▶ **Task item**: Reproduce the whole of the data exactly.

(Beginning of Dataset entries)

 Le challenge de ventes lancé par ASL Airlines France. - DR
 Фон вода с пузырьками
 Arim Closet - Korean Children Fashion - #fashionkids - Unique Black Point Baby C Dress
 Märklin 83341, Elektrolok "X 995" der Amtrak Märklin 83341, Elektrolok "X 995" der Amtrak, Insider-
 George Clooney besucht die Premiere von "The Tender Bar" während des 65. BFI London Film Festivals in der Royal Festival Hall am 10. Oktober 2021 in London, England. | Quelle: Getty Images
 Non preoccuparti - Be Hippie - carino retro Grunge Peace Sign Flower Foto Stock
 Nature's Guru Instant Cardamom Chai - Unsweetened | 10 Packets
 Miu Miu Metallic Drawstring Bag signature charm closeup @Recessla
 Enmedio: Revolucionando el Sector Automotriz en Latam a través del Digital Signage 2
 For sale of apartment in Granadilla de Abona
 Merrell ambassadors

(End of Dataset entries)

▶ **Task response**:
 Le challenge de ventes lancé par ASL Airlines France. - DR
 Фон вода с пузырьками
 Arim Closet - Korean Children Fashion - #fashionkids - Unique Black Point Baby C Dress
 Märklin 83341, Elektrolok "X 995" der Amtrak Märklin 83341, Elektrolok "X 995" der Amtrak, Insider-
 George Clooney besucht die Premiere von "The Tender Bar" während des 65. BFI London Film Festivals in der Royal Festival Hall am 10. Oktober 2021 in London, England. | Quelle: Getty Images
 Non preoccuparti - Be Hippie - carino retro Grunge Peace Sign Flower Foto Stock
 Nature's Guru Instant Cardamom Chai - Unsweetened | 10 Packets
 Miu Miu Metallic Drawstring Bag signature charm closeup @Recessla
 Enmedio: Revolucionando el Sector Automotriz en Latam a través del Digital Signage 2
 For sale of apartment in Granadilla de Abona
 Merrell ambassadors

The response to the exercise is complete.